The Great Schism in the Environmental Movement
Can modern greens loosen nature’s grip on environmentalism?
Another important shift involves federal protection of imperiled species. Since its inception in 1973, the U.S. Endangered Species Act has pitted environmentalists against private property owners, whose lands often provide crucial habitat for species designated as threatened or endangered. (Controversy has also raged on public lands, with the spotted owl war perhaps being the most notorious and polarizing example.) Throughout much of its history, the ESA has triggered lawsuits and much acrimony.
But in recent years, changes in philosophy and approach at the federal level have fostered an increasingly cooperative relationship between conservationists and private property owners. Several months ago, the U.S. Fish & Wildlife Service announced a new agreement with farmers and ranchers that requires them to "voluntarily" implement measures that will improve habitat for a variety of species. In return, landowners will receive greater financial assistance and assurances that they will not be penalized if endangered species move on to their property.
The agreement is being hailed as unprecedented by some conservationists. It follows on the heels of a similar deal between the FWS and oil and gas companies in Texas and New Mexico. Both are part of a larger trend over the past decade that has seen state and federal agencies collaborate with multiple stakeholders to forge innovative conservation plans, such as the much-lauded pact in Arizona that balances economic development with a landscape level safeguarding of biological diversity (including hundreds of vulnerable animals and plants).

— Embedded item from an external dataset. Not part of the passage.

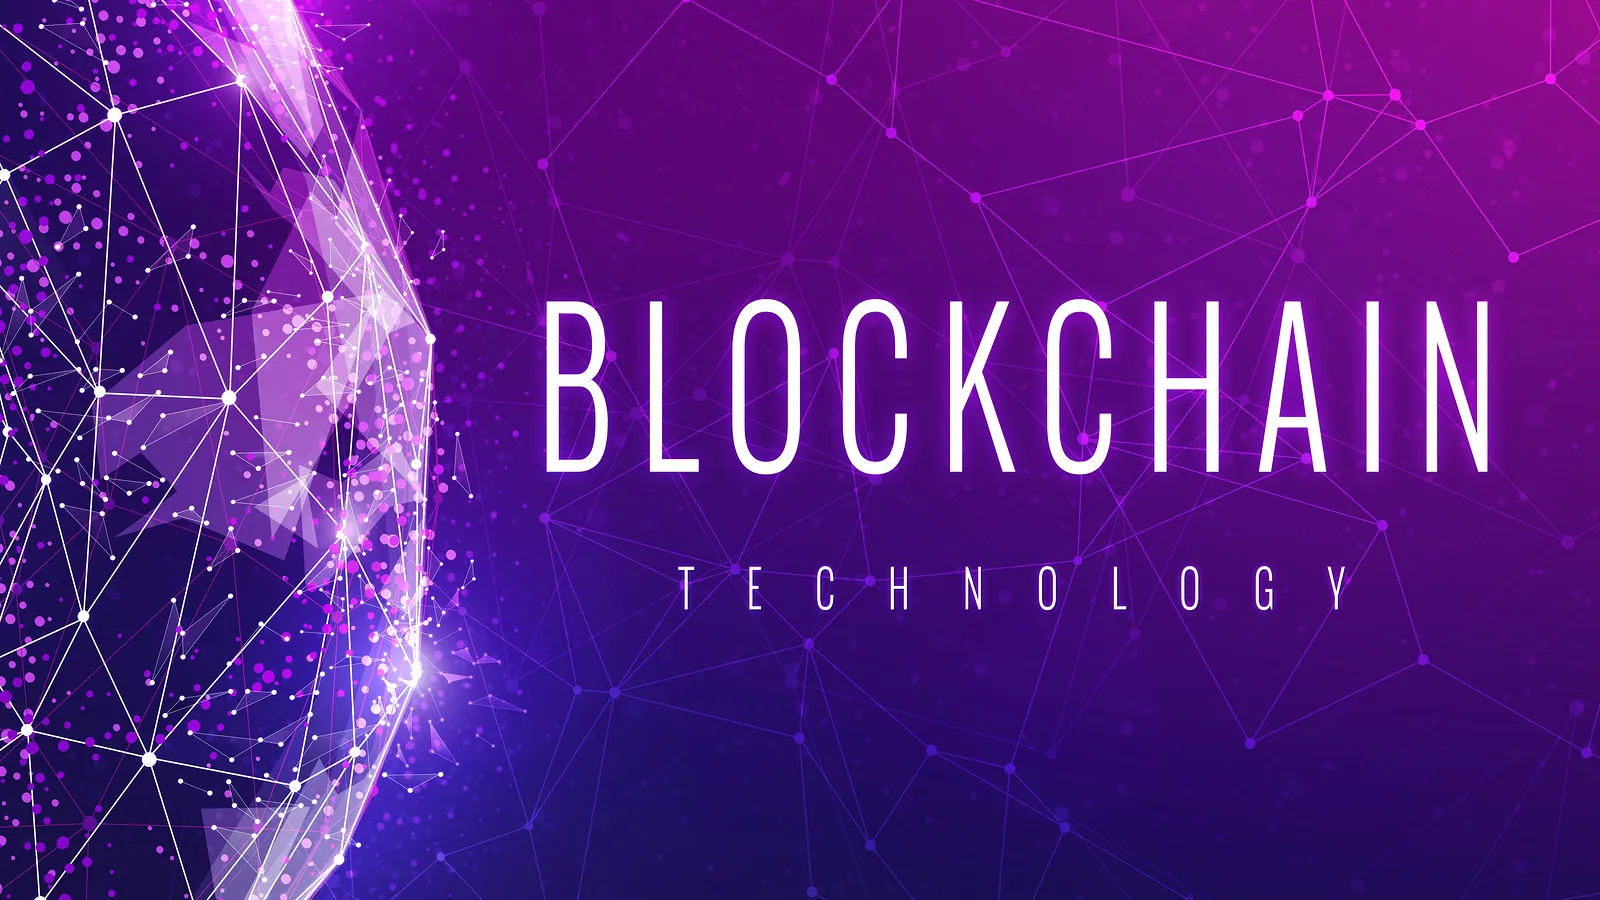 Blockchain technology implementation

What's going on here? Has a new generation of conservationists diluted the meaning of conservation? Even worse, by cutting deals with developers, are they selling out nature?
Modernist greens say they are being pragmatic. In Scientific American, marine biologist Benjamin Halpern recently described a new metric of ocean health that will incorporate fishing, recreation, and other human uses of the sea. "Such pragmatism requires us to recognize that people are a fundamental part of all ecosystems that make up Planet Earth, including the sea," he writes. This perspective, he admits, is a radical departure from the nature-centric framework that has long dominated environmental politics and policy.
Halpern, like Kareiva, has experienced fierce resistance from his peers to this more expansive view of conservation. But there is no other way, Halpern insists: "For conservation and management to be successful, we need to change our relationship with nature, from trying to lock it away to using and enjoying it in a practical but necessarily sustainable way. We must reconcile purely conservation-focused goals with the many other values people have for nature."
The Anthropocene looms large in this debate over the future of conservation and, more broadly, environmentalism. Both modernists and traditionalists agree that human activities since the Industrial Revolution have given the planet a global facelift. But the two camps differ on what the Anthropocene means and how it should be interpreted.
Green traditionalists are well-represented among environmental scientists, and they publish high-profile papers warning "that population growth, widespread destruction of natural ecosystems, and climate change may be driving Earth" to an irreversible tipping point. They issue reports from prestigious science societies warning about a finite planet being run into the ground. Some hold glitzy, international symposiums that put humanity on a mock trial for the global imprint of its civilization.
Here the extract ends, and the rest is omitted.